Data block:
=== Section Start ===

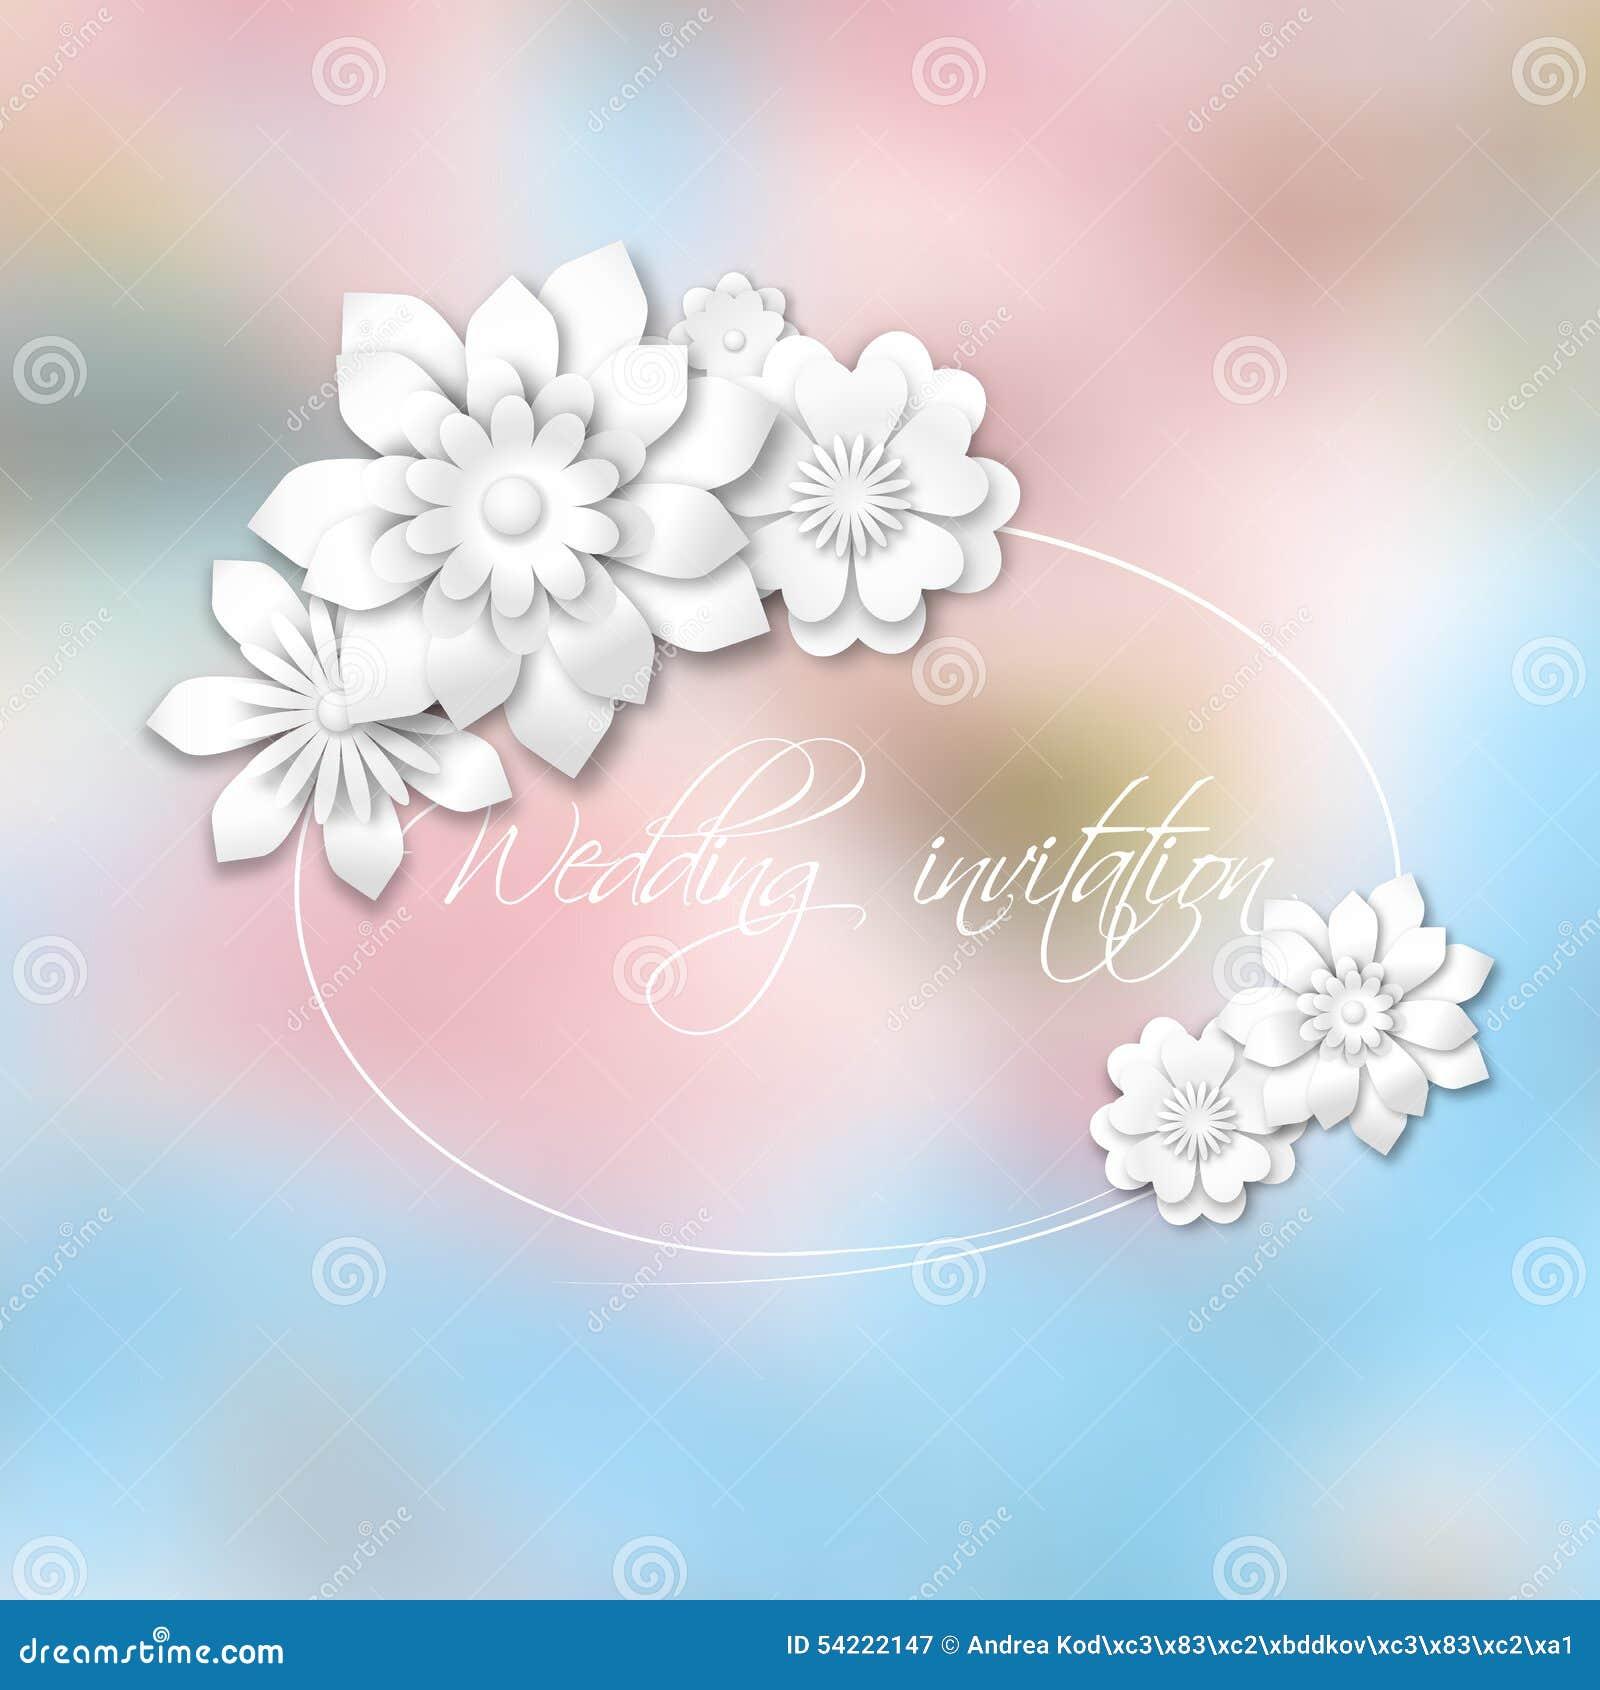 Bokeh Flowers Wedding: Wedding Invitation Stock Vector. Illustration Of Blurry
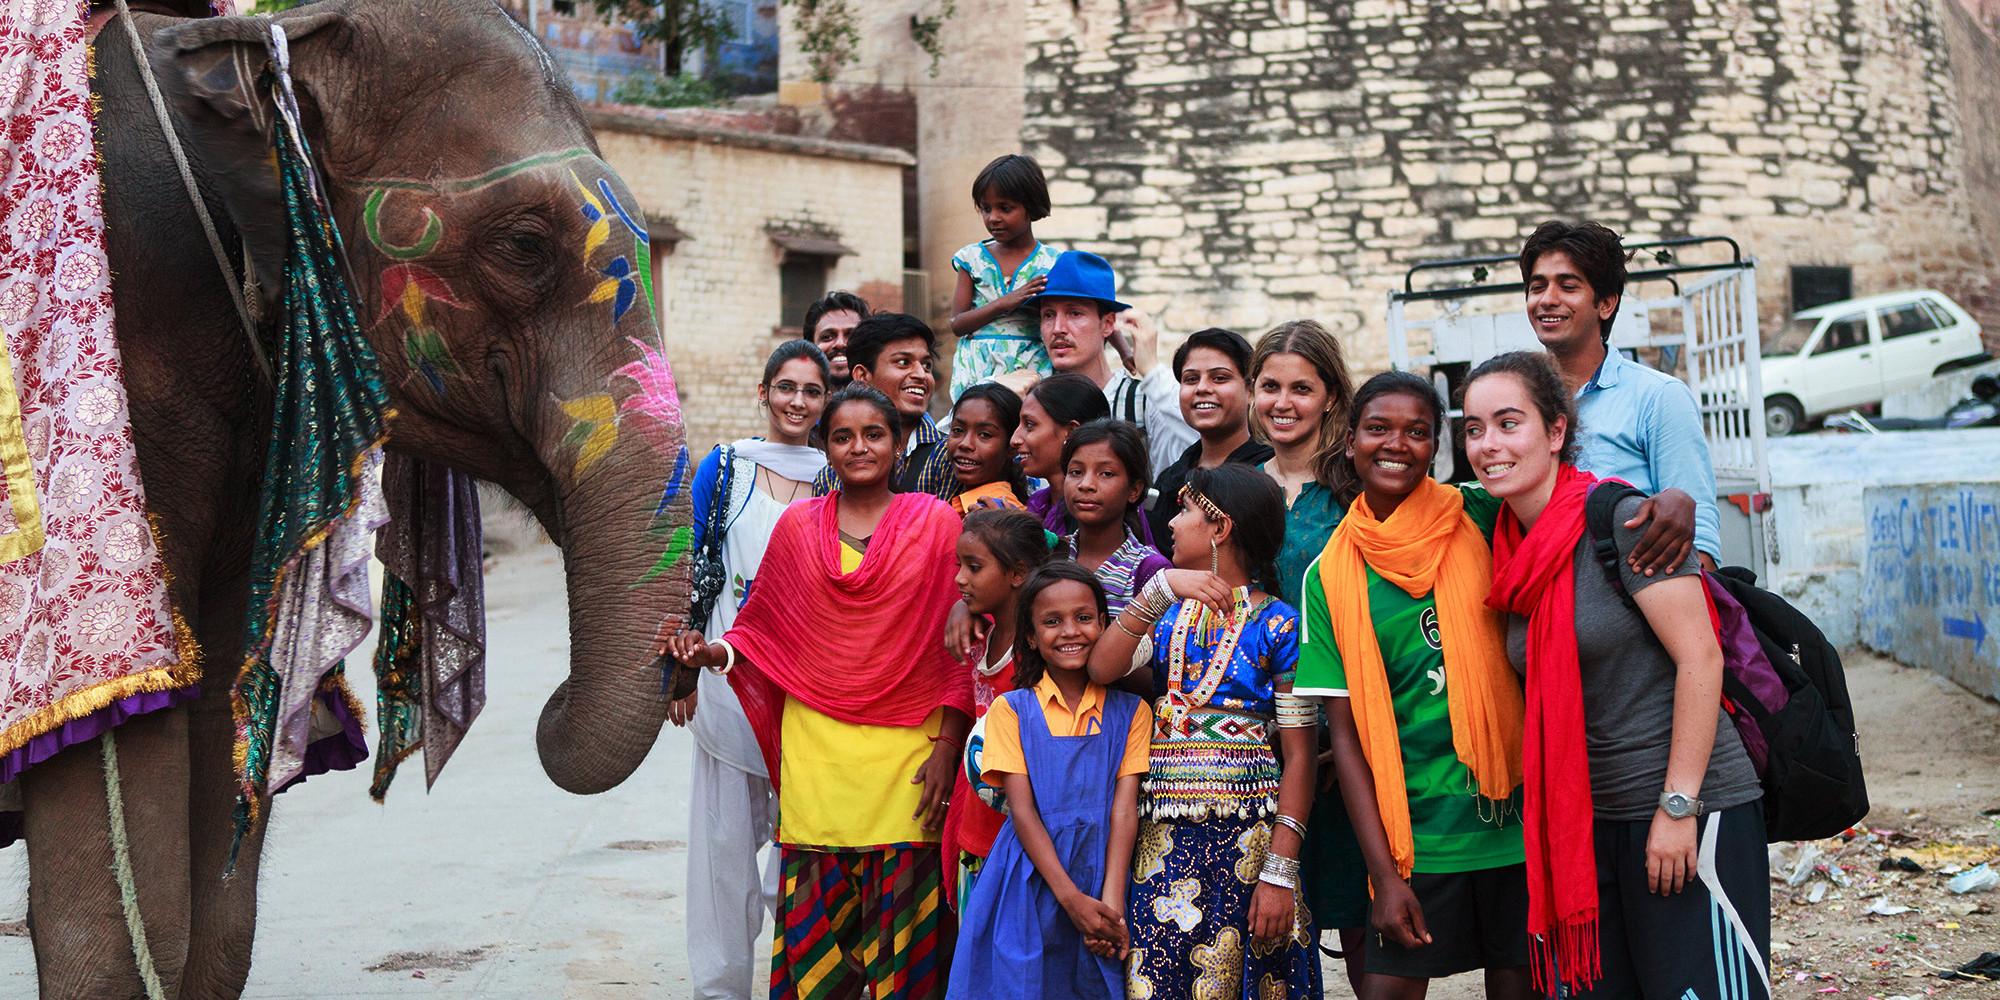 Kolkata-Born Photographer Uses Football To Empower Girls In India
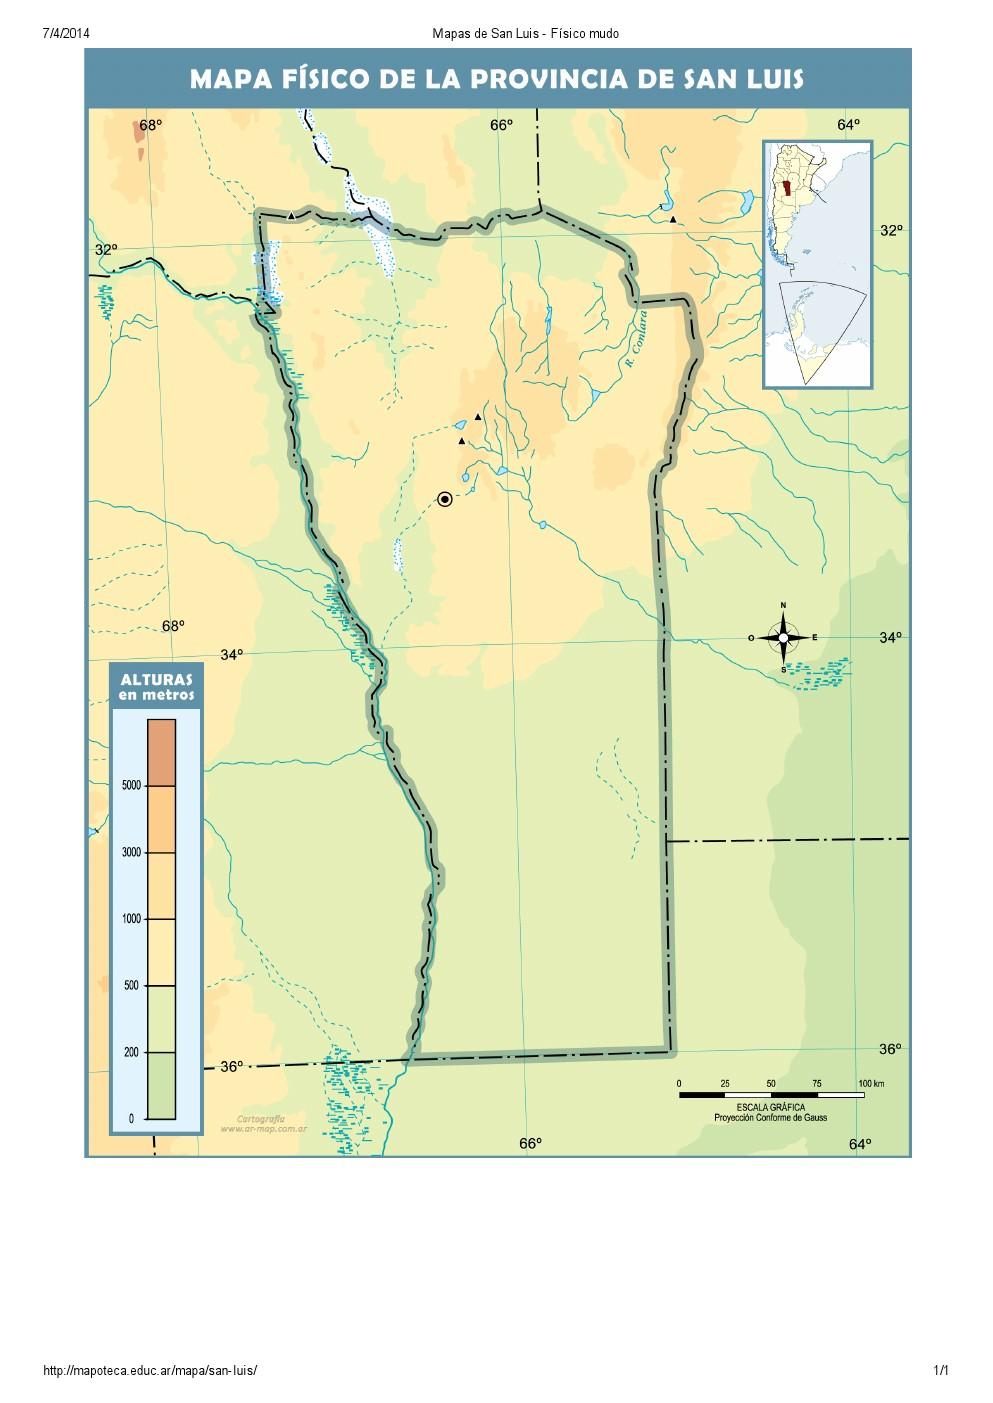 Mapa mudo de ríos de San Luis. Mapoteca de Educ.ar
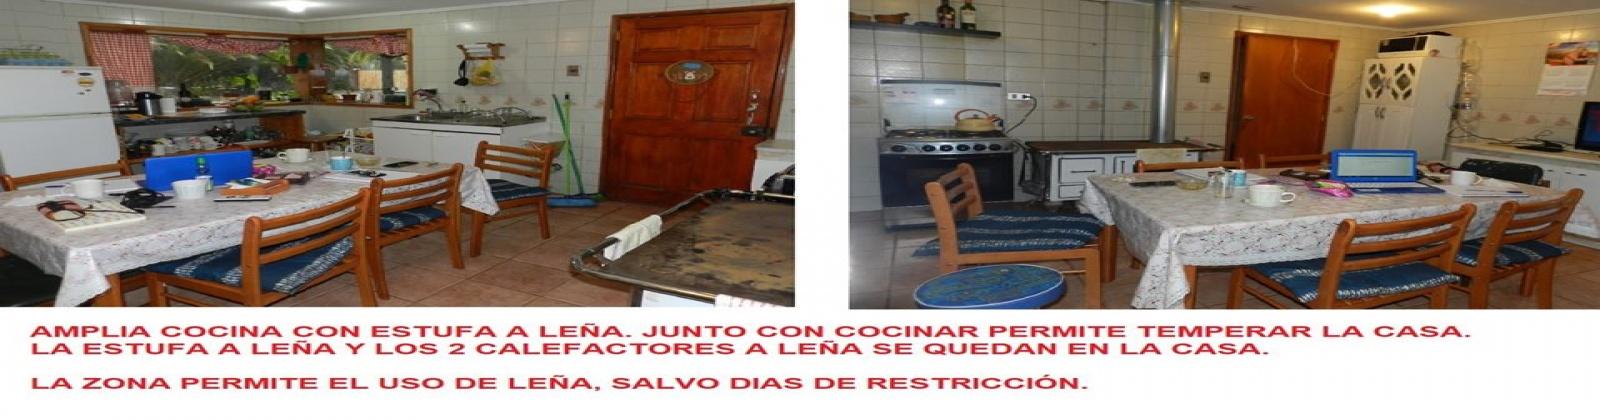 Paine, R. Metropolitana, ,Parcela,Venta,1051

=== Section End ===

Task instructions: Copy word for word every line from the one holding "Kolkata-Born Photographer Uses" to the end of the listing, both ends included, but do not copy any pictures.

Answer area:
 Kolkata-Born Photographer Uses Football To Empower Girls In India
 Mapa mudo de ríos de San Luis. Mapoteca de Educ.ar
 Paine, R. Metropolitana, ,Parcela,Venta,1051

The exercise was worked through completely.